Somerville Writer Dan Kimmel

Well, since the predictions of the Mayans have failed to see the light of day, I was able to meet with Somerville film critic and science fiction writer Dan Kimmel. Kimmel is the author of a number of books including: The Fourth Network: How Fox Broke the Rules and Reinvented TV, and I’ll Have What She’s Having: Behind the Scenes of the Great Romantic Comedies.
Since we spoke two years ago, probably at the same booth at the Diesel Cafe, Kimmel was nominated for a HUGO AWARD for his essay collection Jar -Jar Blinks Must Die. Kimmel also has released a science fiction novel Shh! It’s A Secret. The novel concerns space aliens in the La La Land of Hollywood.

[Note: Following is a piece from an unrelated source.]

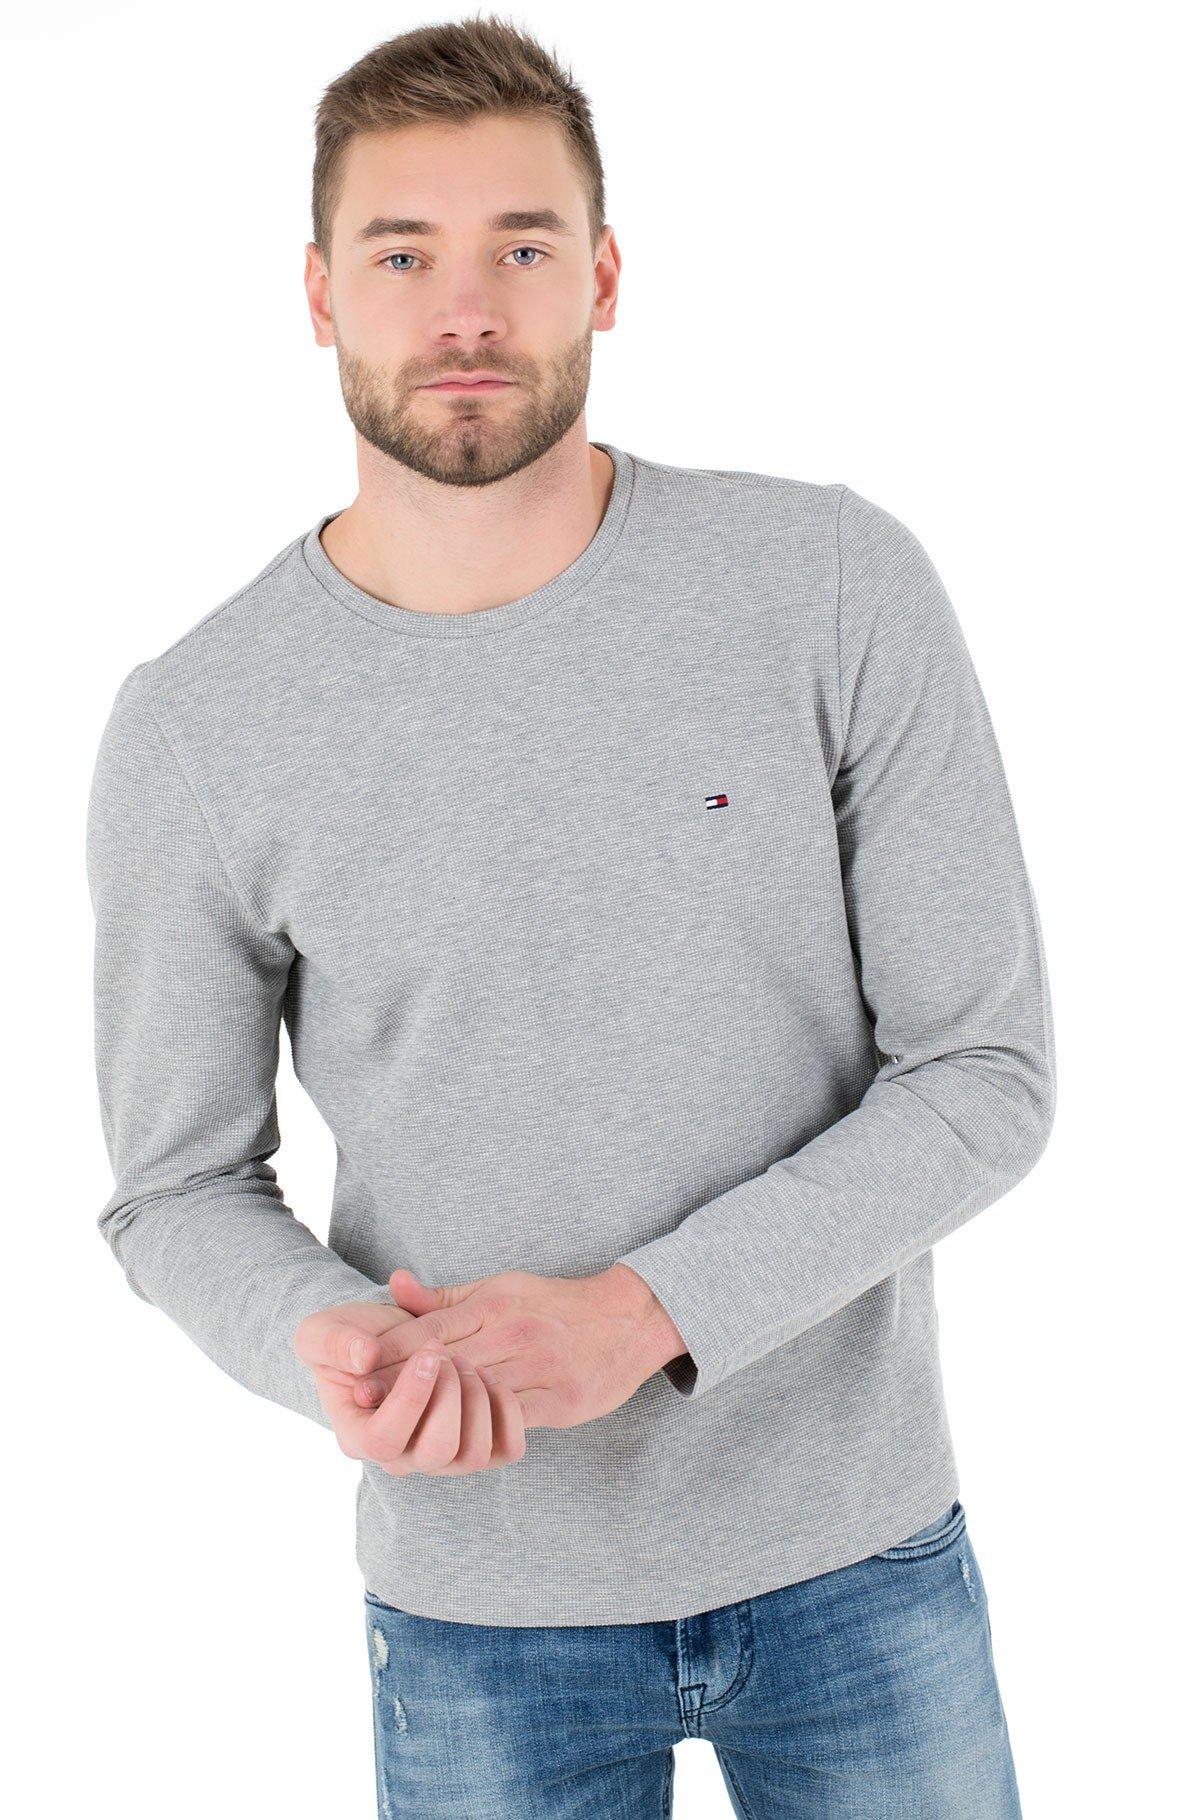 T-krekls ar garām piedurknēm  WAFFLE LONG SLEEVE TEE-full-1

Kimmel is a resident of the Ball Square section of the city, and he teaches film at Suffolk University in Boston. He is a member of Temple B’nai  B’rith on Central Street, and he told me he feels quite at home now in the environs of Somerville.

Kimmel revealed that a small press in Brooklyn Fantastic Books—a press that usually deals with reprints—took a chance on Shh! It’s A Secret!

Shh! It’s a Secret deals with a space alien who wants to be an actor. The alien has the unlikely name of Abe—maybe a Jewish alien? The story also involves Jake Berman, a Hollywood player who helps the alien realize his fevered dream. The book is a science fiction/satire of Hollywood—laced with Borscht-Belt humor. Infact, Kimmel, who is from the New York City area, worked at a Borscht Belt hotel in the Catskill Mountains outside of New York City, and such a hotel is used in his novel.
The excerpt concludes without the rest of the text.